Che cosa può succedere adesso dunque? E come si è creata la situazione attuale?
Le ultime elezioni
Il Partito Conservatore guidato da Boris Johnson ha ampiamente vinto le elezioni britanniche del 12 dicembre, aggiudicandosi 365 seggi su 650, ben più della maggioranza assoluta della Camera dei Comuni. Di conseguenza è praticamente certo che il nuovo Parlamento approverà l’accordo sulla Brexit mediato da Johnson con la Ue il 17 ottobre (ne avevamo scritto qui) e bocciato, di fatto, dal precedente Parlamento il 22 dello stesso mese.

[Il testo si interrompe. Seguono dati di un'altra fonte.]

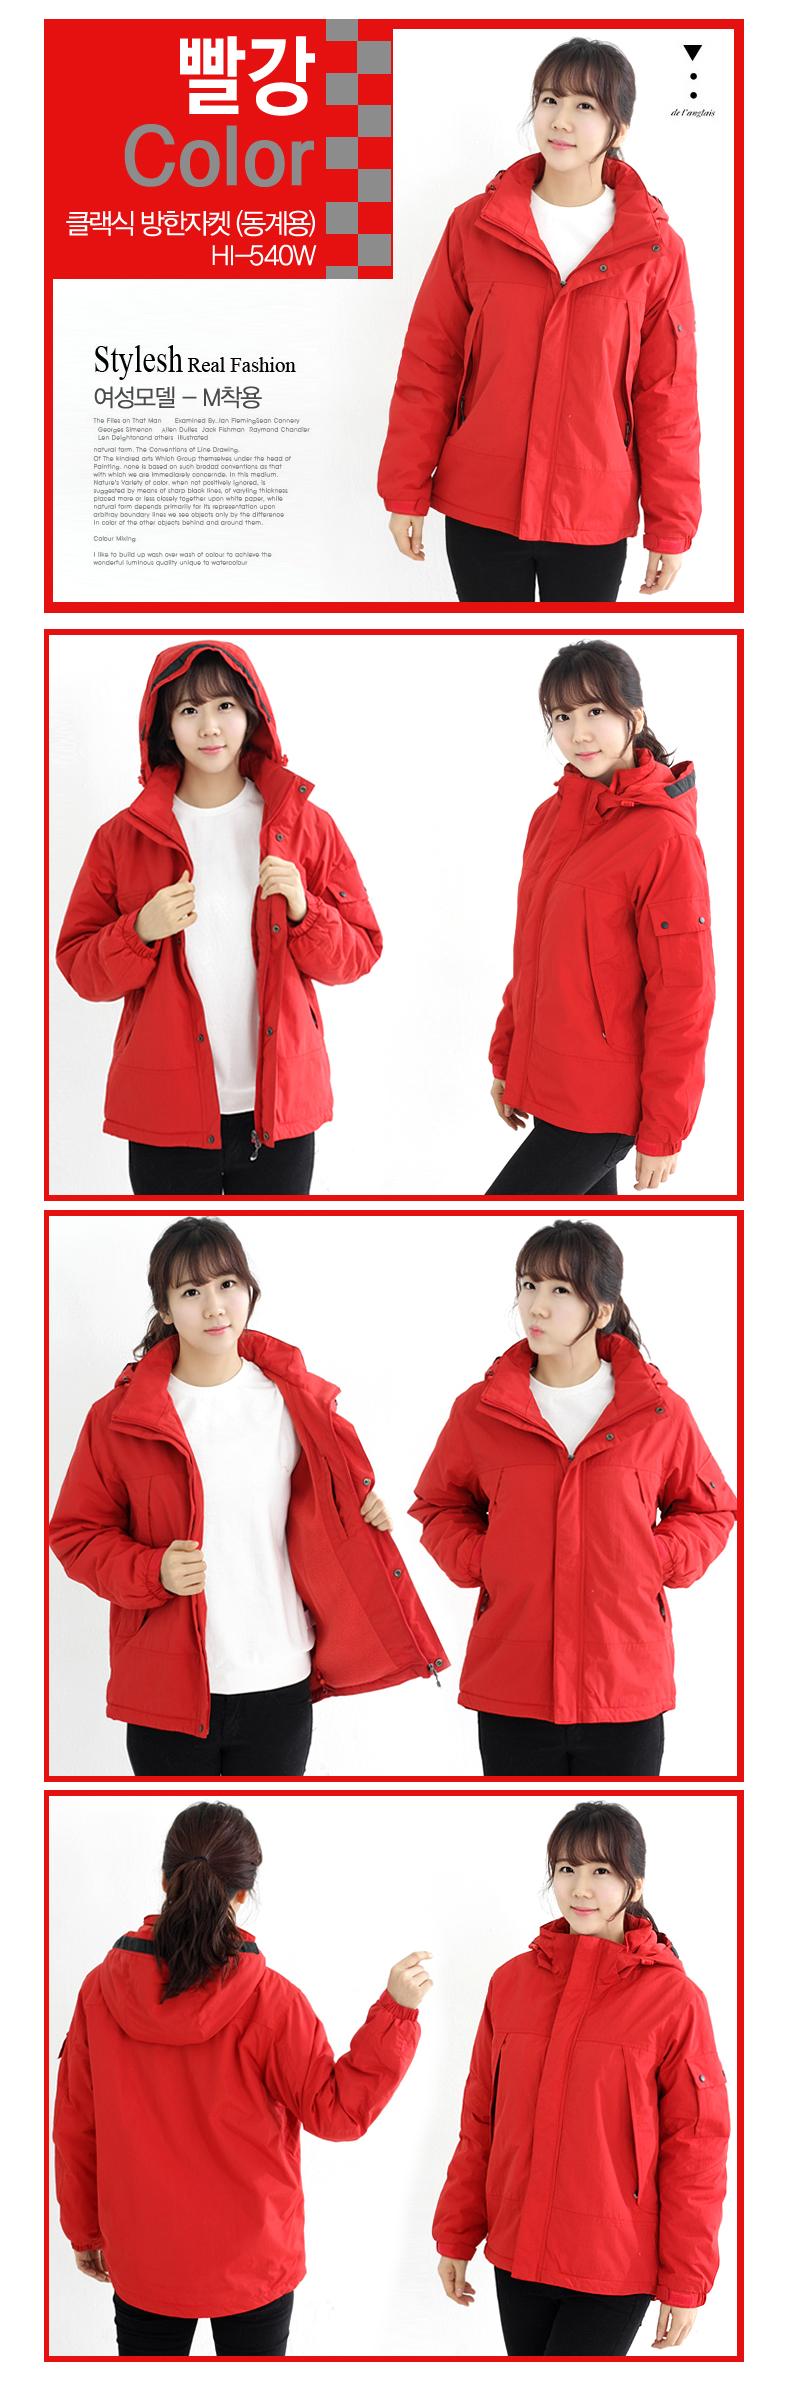 JK540W-red.jpg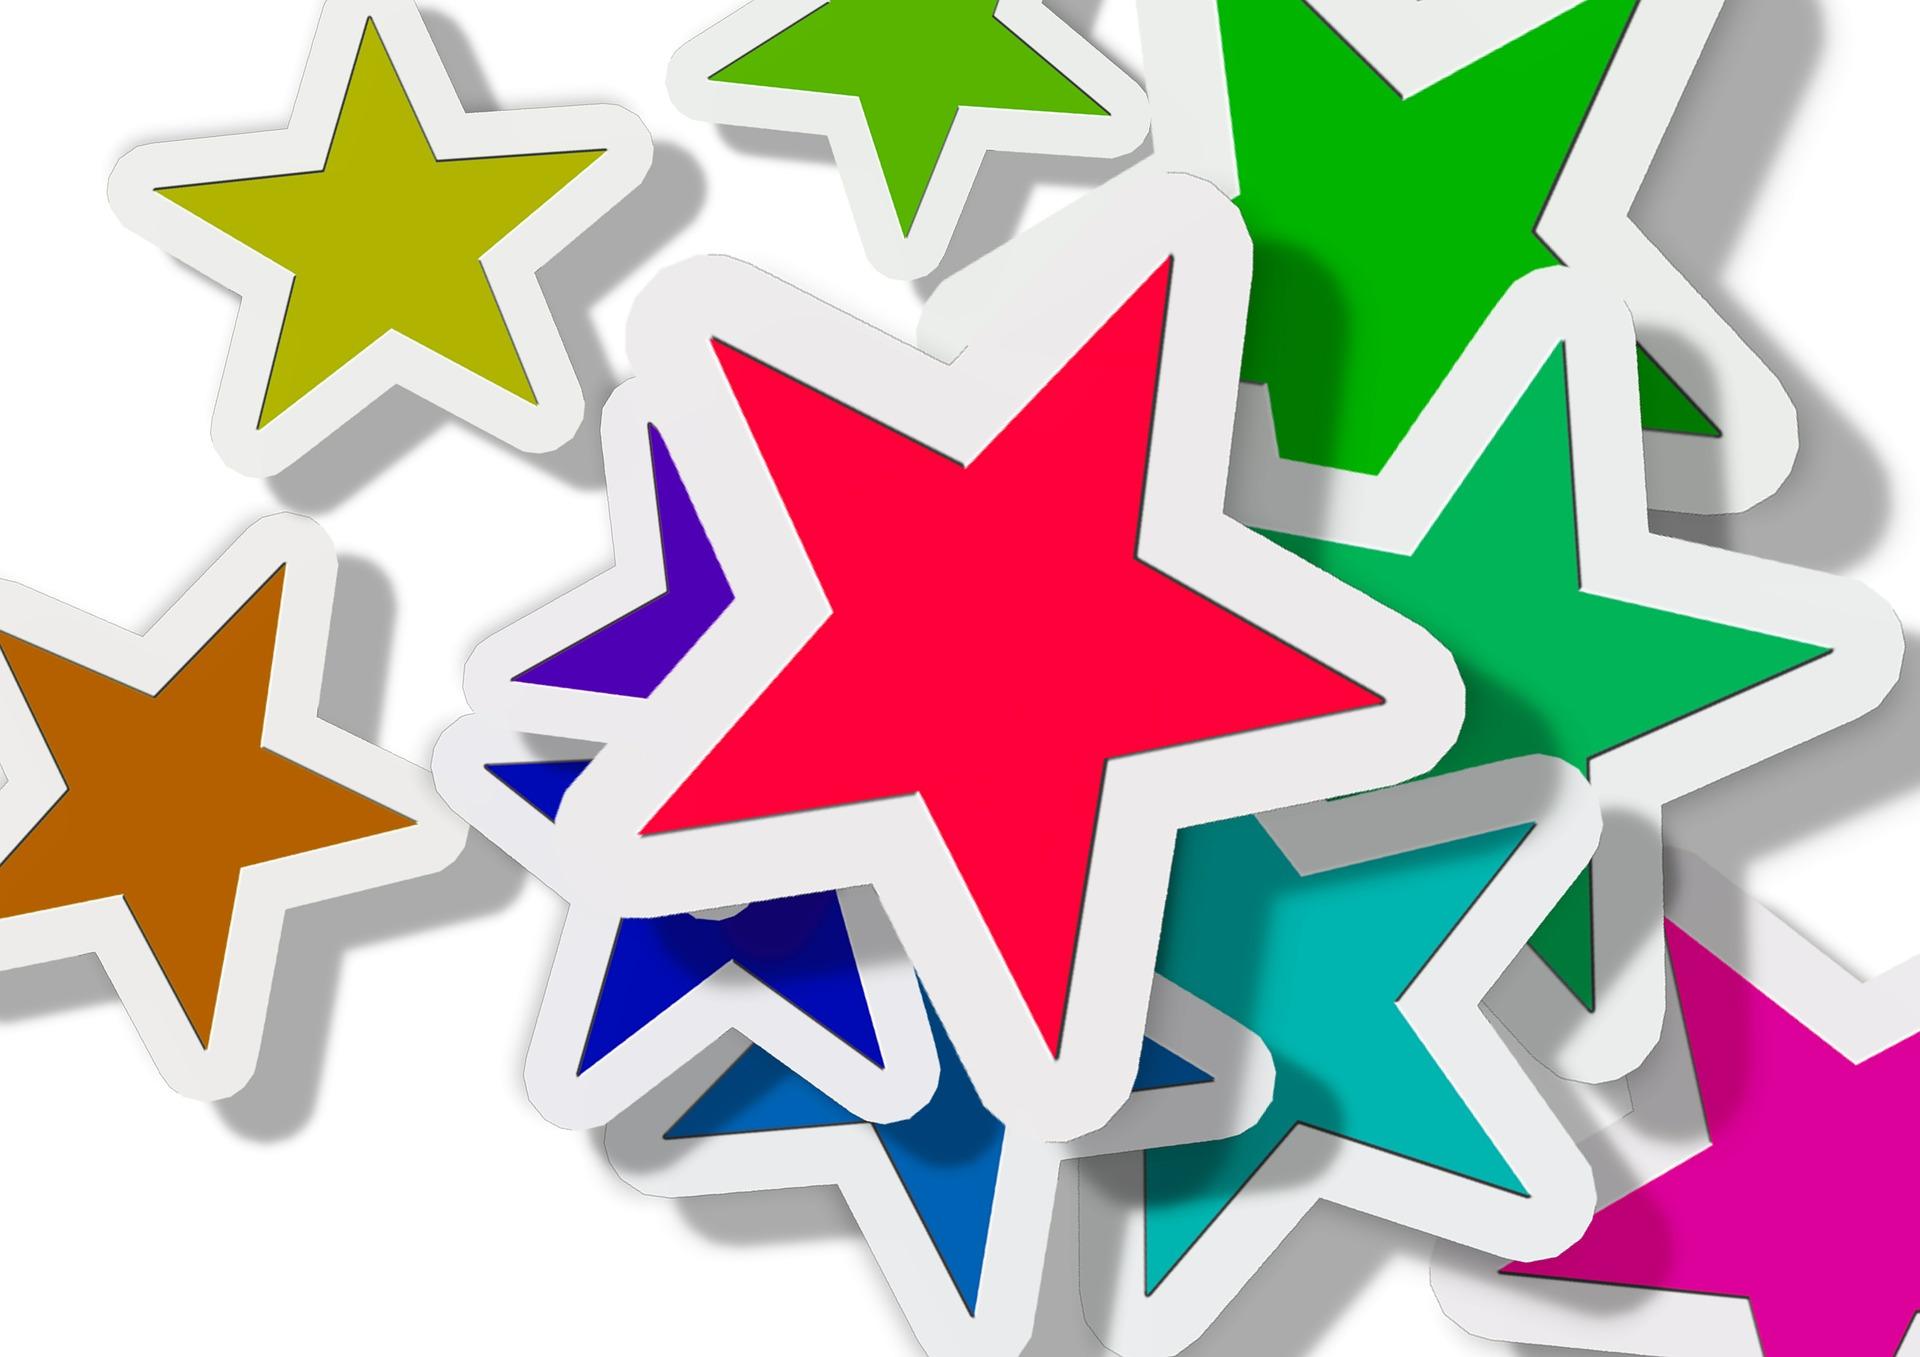 Star Reviews The Boardwalk

Tuttavia in Scozia il partito nazionalista scozzese (Scottish National Party, Snp), fortemente contrario alla Brexit e dichiaratamente a favore dell’indipendenza dal Regno Unito in caso di uscita dalla Ue, ha vinto nelle ultime elezioni 48 seggi sui 59 in palio (degli 11 restanti 6 sono andati ai conservatori, favorevoli alla Brexit, 4 ai liberali e uno ai laburisti).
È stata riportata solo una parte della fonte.